Suomi: We found that most extended-stay experiences first and foremost were isolating. We heard over and over again that the extended guests were looking for a place where they can feel at home, be productive, but also socialize with colleagues, family, and friends. We wanted to increase comfort, productivity and create areas for socializing. So our concept is a lot more open and flexible from the lobby to the guestrooms.

The Hyatt House guest might stay as short as one night or as long as a year. We had to create a flexible concept that would work for these different types of travelers. Hyatt House will feature apartment-like guestrooms in studio, one, and two bedroom kitchen-suites. A first for extended-stay hotels, transient rooms are arranged to create the two-bedroom configurations. We utilized every inch of the space adding flexible storage in the entryway hall tree and en-suite island kitchens for multitasking.

HOTELS: How did your experience with boutique properties like Ace Hotel and Crosby Street Hotel inspire Hyatt House?

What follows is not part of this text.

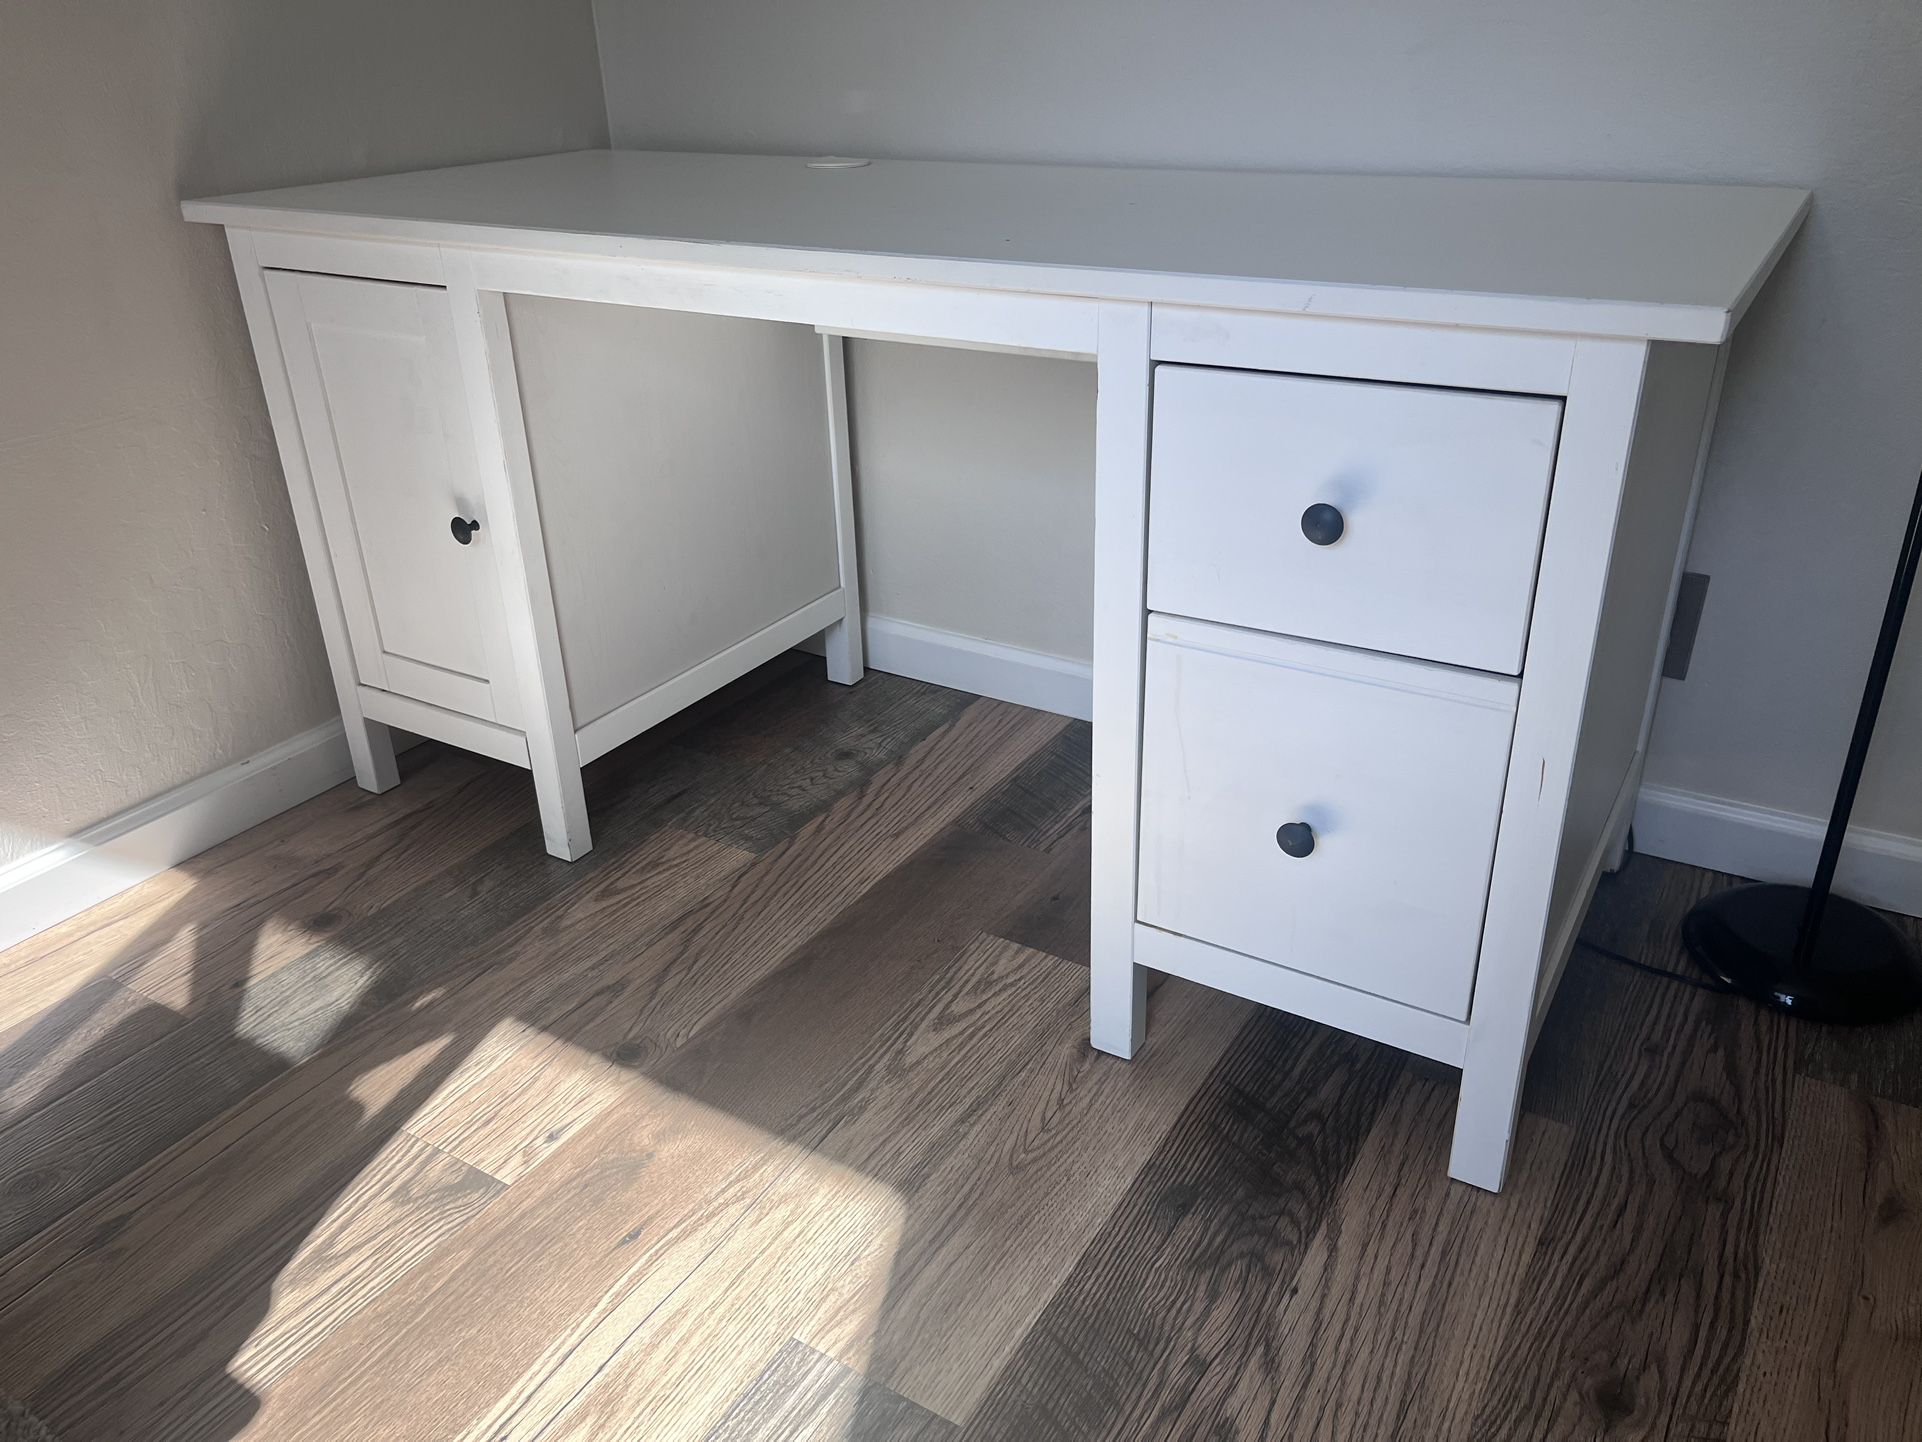 IKEA “Hemnes” Study Desk - white 
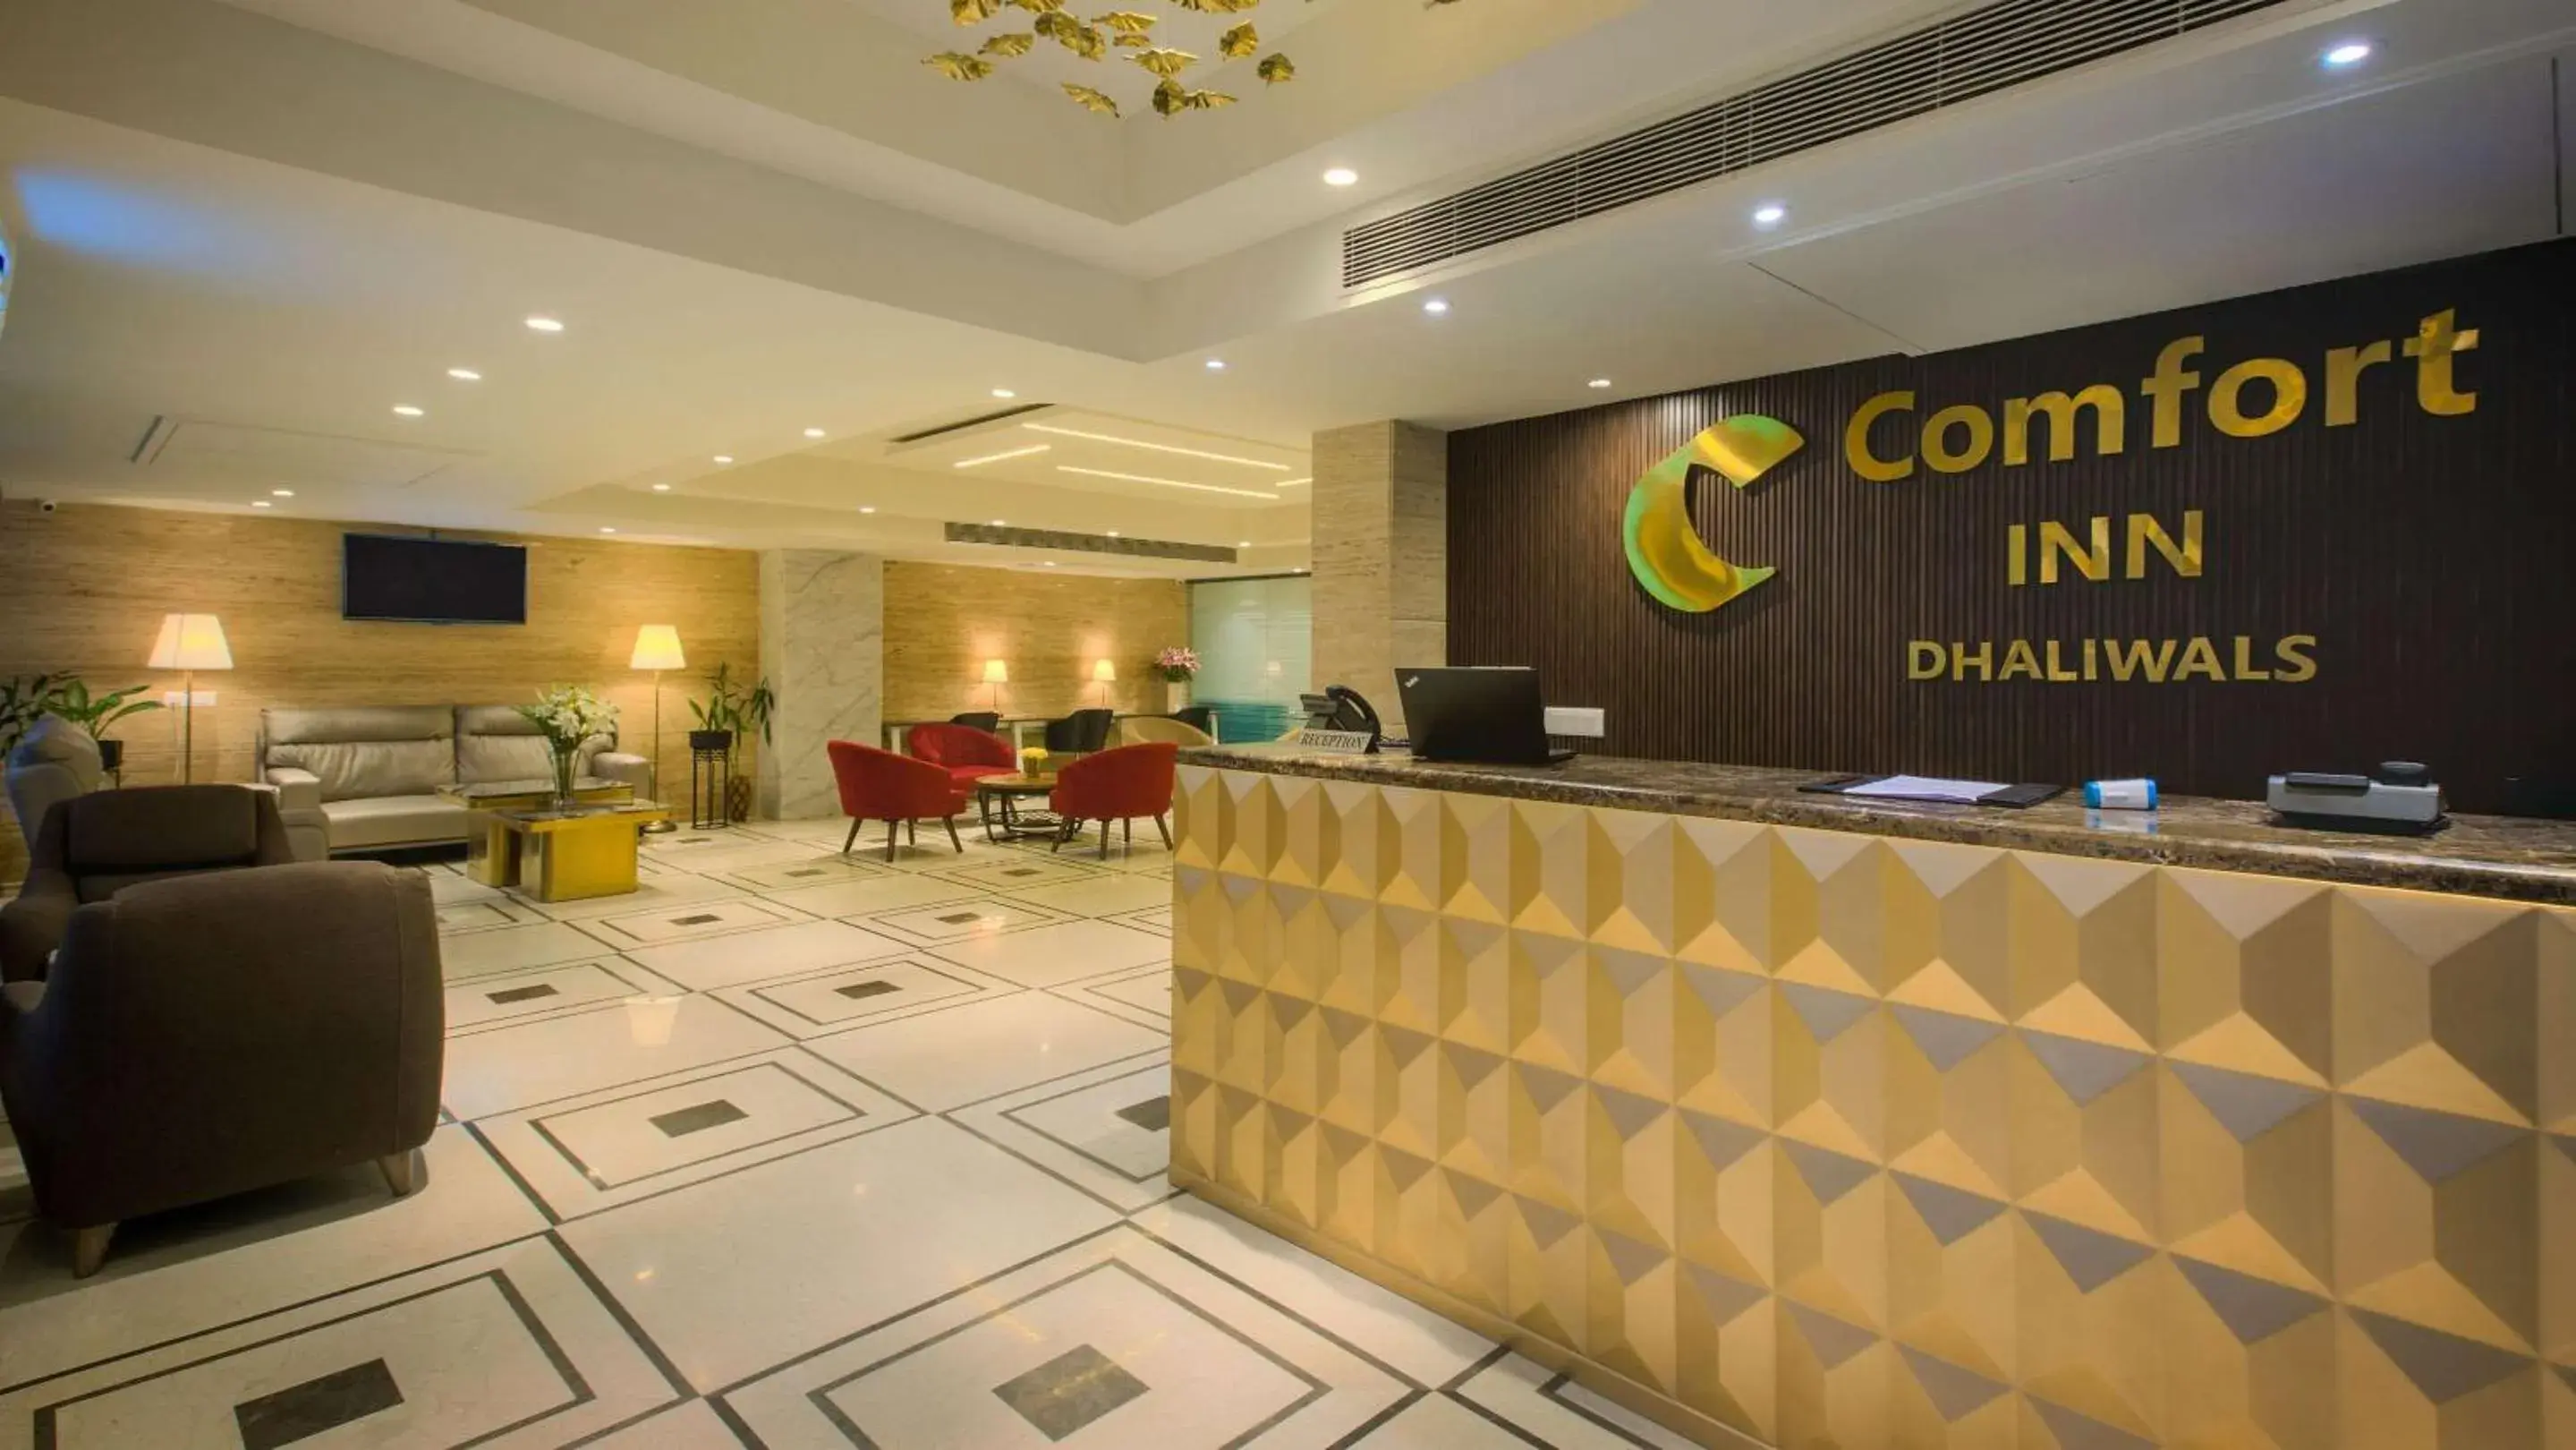 Lobby or reception, Lobby/Reception in Comfort Inn Dhaliwals, Gurgaon

Suomi: Sociability was extremely important in our boutique projects. The Ace’s lobby is almost like a sophisticated town square. The Crosby has quickly become a major hang-out since it opened last year. We took our experience in creating comfortable socializing areas and applied here. The Great Lounge in the Hyatt House, a large comfy-modern “place” with key ideas taken from open-plan residential layouts, it’s filled with ample relaxing and entertainment spaces and a mix of seating types.

We created the H Bar breakfast to bar counter, iPad touch tables, over-sized sofas in the social sectional area and a glass enclosed grown-up game room complete with foosball, a pool table and arcade games. Guests can shop for prepared foods right in the lobby at Bites & Basics an open, airy marketplace, or rent a wide variety of items such as rice cookers, bicycles or an Xbox 360. 

Outside, a 24-hour outdoor back-patio provides a mix of large and small semi-private spaces including an open air high-end guest kitchen, wet bar, fire pits, and areas of shade and sun.

HOTELS: Tell me about the furniture you created for this project.

Suomi: To accommodate the “always on” lifestyle of many of our guests, we designed a unique lounge chair as a one-of-a-kind work and play station that can allow the guest to be alone or social and is envisioned with power outlets, a fold out work surface, reading light, reclining back, cup holder and heat.  With a swivel base and upholstered “blinders,” guests can work privately by turning away from the crowd or publicly by facing friends or colleagues.

We also created a unique open market featuring gourmet food and beverages, called Bites & Basics, and a contemporary version of the old “automat” concept for common lifestyle items like bicycles, kitchen appliances, and game systems.